BEN: Granting that ancient biographies sometime involve fiction (e.g. in the Gospel parables are clear examples), I wonder what you see as the dangers of using a methodology applied to novels to analyze ancient biographies. I am referring, among other things, to complaints about lack of character development, or even calling the persons mentioned in the narratives characters, as though they were actors in a play or created characters in a work of fiction? It does not seem to me that with either ancient historical monographs or genuine ancient biographies that the writers felt they had unfettered freedom to create characters or make up incidents in persons lives, such that figures like blind Bartimaeus should just be seen as foils for the presentation of the main character, or ‘stock figures’.
HELEN:
Yes, I would agree. In many respects what I’m doing is what we tend to understand as ‘narrative criticism’, though I would want to make a distinction between fictional novels and biographies. It always seems strange to me that narrative critics pay so little attention to genre (largely they just assume the gospels are short stories). ‘Character’ in a biography is very different in certain ways to its counterpart in an ancient novel. In a fictional novel, all we know about a character is contained within the novel itself, so it makes sense to talk of the narrative world, character development or arcs. The fundamental difference with a biography is that most of the time the biographer is dealing with real people who are known (to a greater or lesser extent) to the audience. So Mark’s original hearers don’t only form their judgement about Jesus from Mark’s biography; in all likelihood there are many stories and anecdotes swirling around in the collective memories of these early Christ-following groups. Mark’s work might push them to understand Jesus in a particular way (and my guess is that the ‘suffering Messiah’ side of things would be new to them), but this portrait simply develops and enhances what they know already.
This plays out particularly clearly in Mark’s description of the disciples. If we confine ourselves only to Mark’s story world, then Peter comes over quite badly, despite his apparent restoration in 16.7. If we understand Peter’s story against the knowledge that he went on to be a great missionary (and 1.16-20 clearly hints at this beyond the narrative world of the biography), then his early failure reads very differently. The problem is that we don’t know exactly what the first audiences knew about Peter, but my guess is that Mark’s stories of his lack of full understanding and denial only added to the portrait of the great apostle that they already held; perhaps it ‘humanized’ him, and made him easier for them to relate to.

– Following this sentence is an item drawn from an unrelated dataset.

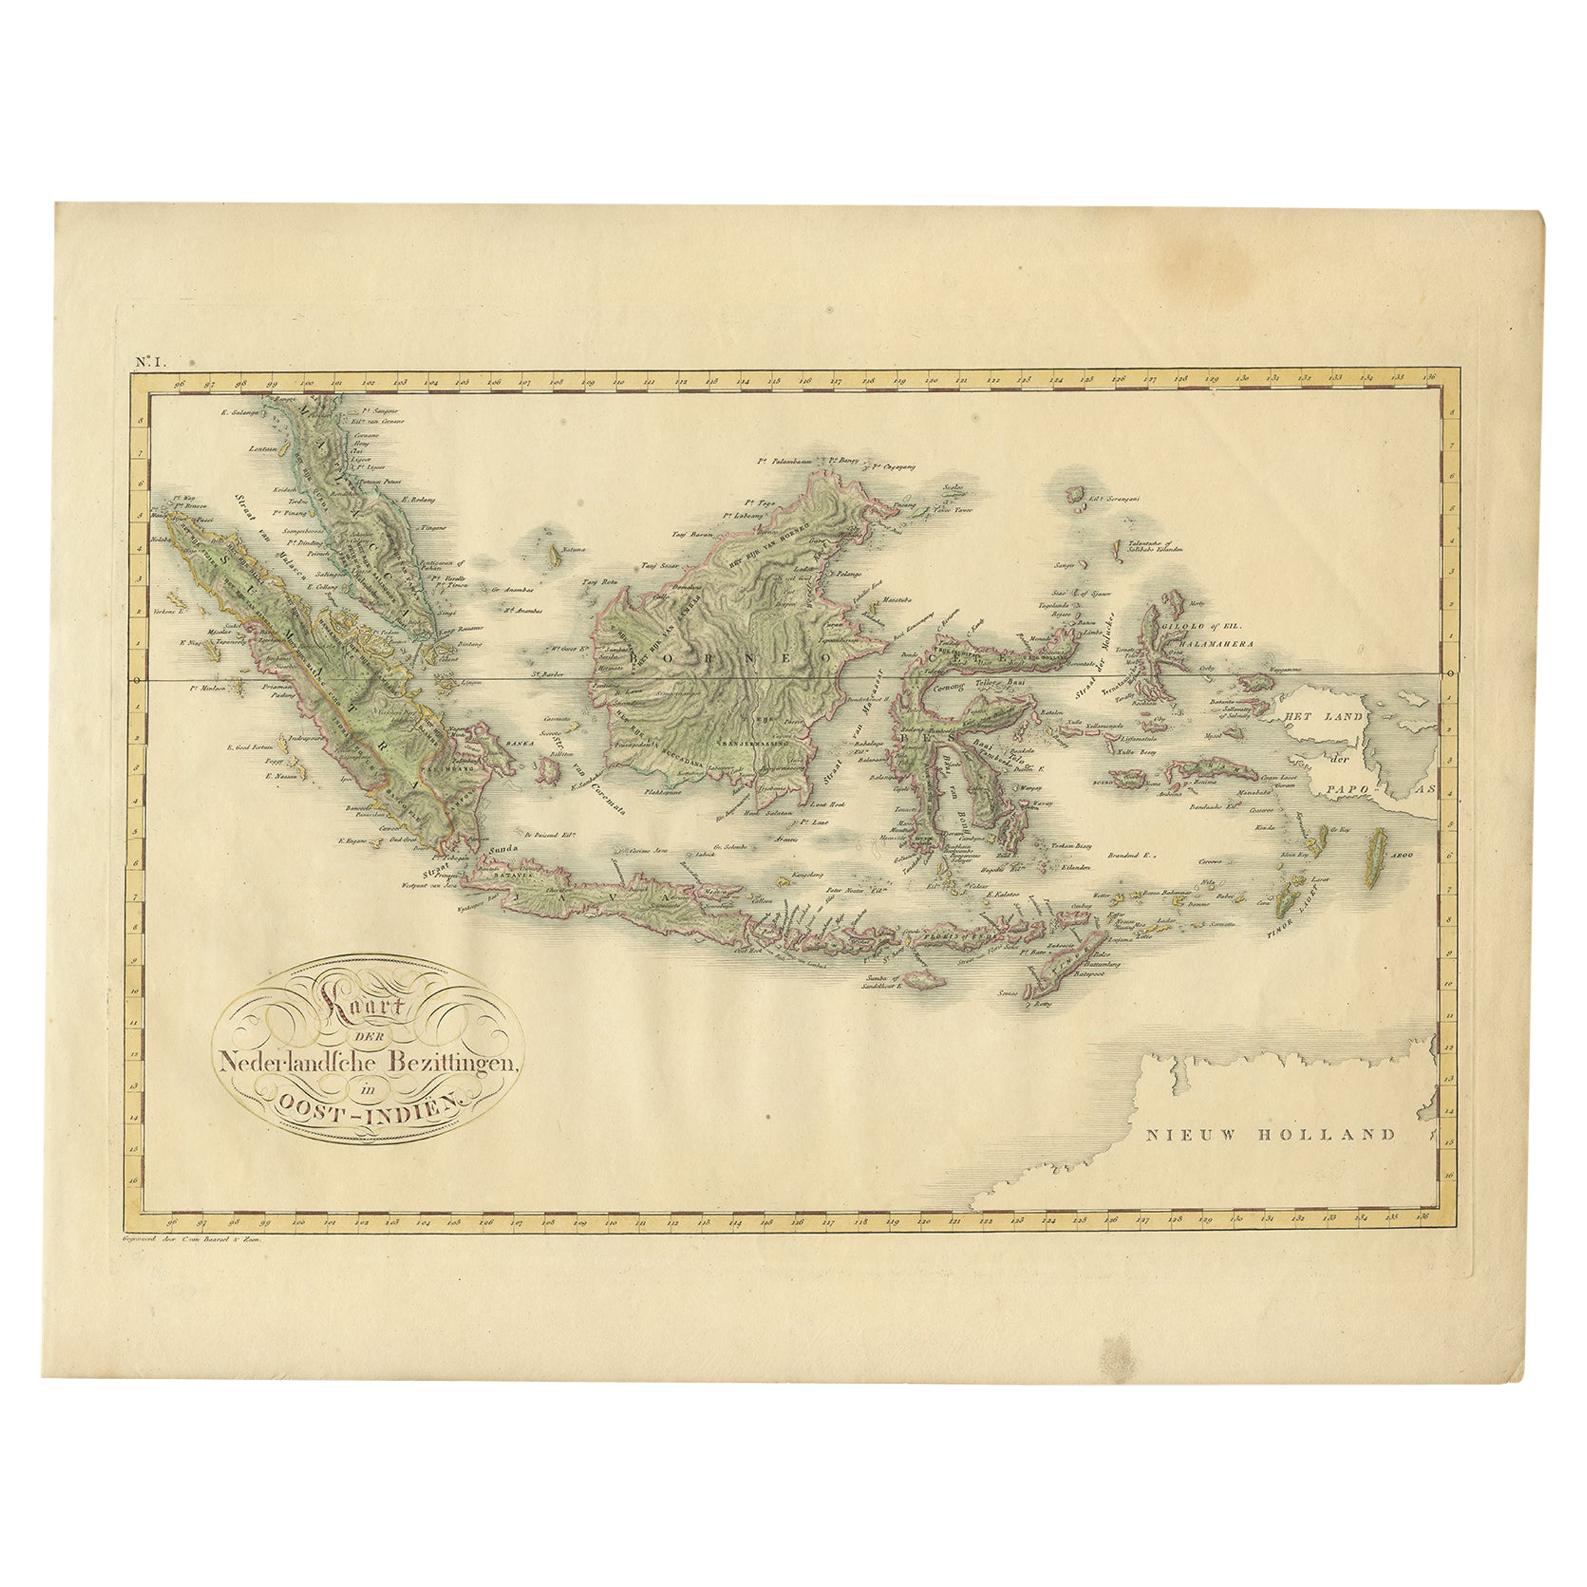 Carte ancienne des Indes orientales néerlandaises par Van den Bosch '1818'

But it would be wrong to take from this the idea that biographers didn’t sometimes deal in fiction. I read a lot of reflections by modern biographers for this project and was struck by how even what we’d call a ‘research biography’ today incorporates a degree of fiction. As biographers themselves acknowledge, fiction is an essential part in building a life. And often fiction is better at conveying the truth of a person’s character than more mundane anecdotes. There’s a great book on fiction in ancient biography edited by Koen de Temmerman and Kristoffel Demoen, where various authors note the extent to which it’s used even in ‘reliable’ biographers such as Suetonius, and especially in accounts of the subject’s death. So biography isn’t a fictional novel, but it’s important to acknowledge that there are acceptable levels of fiction within the genre.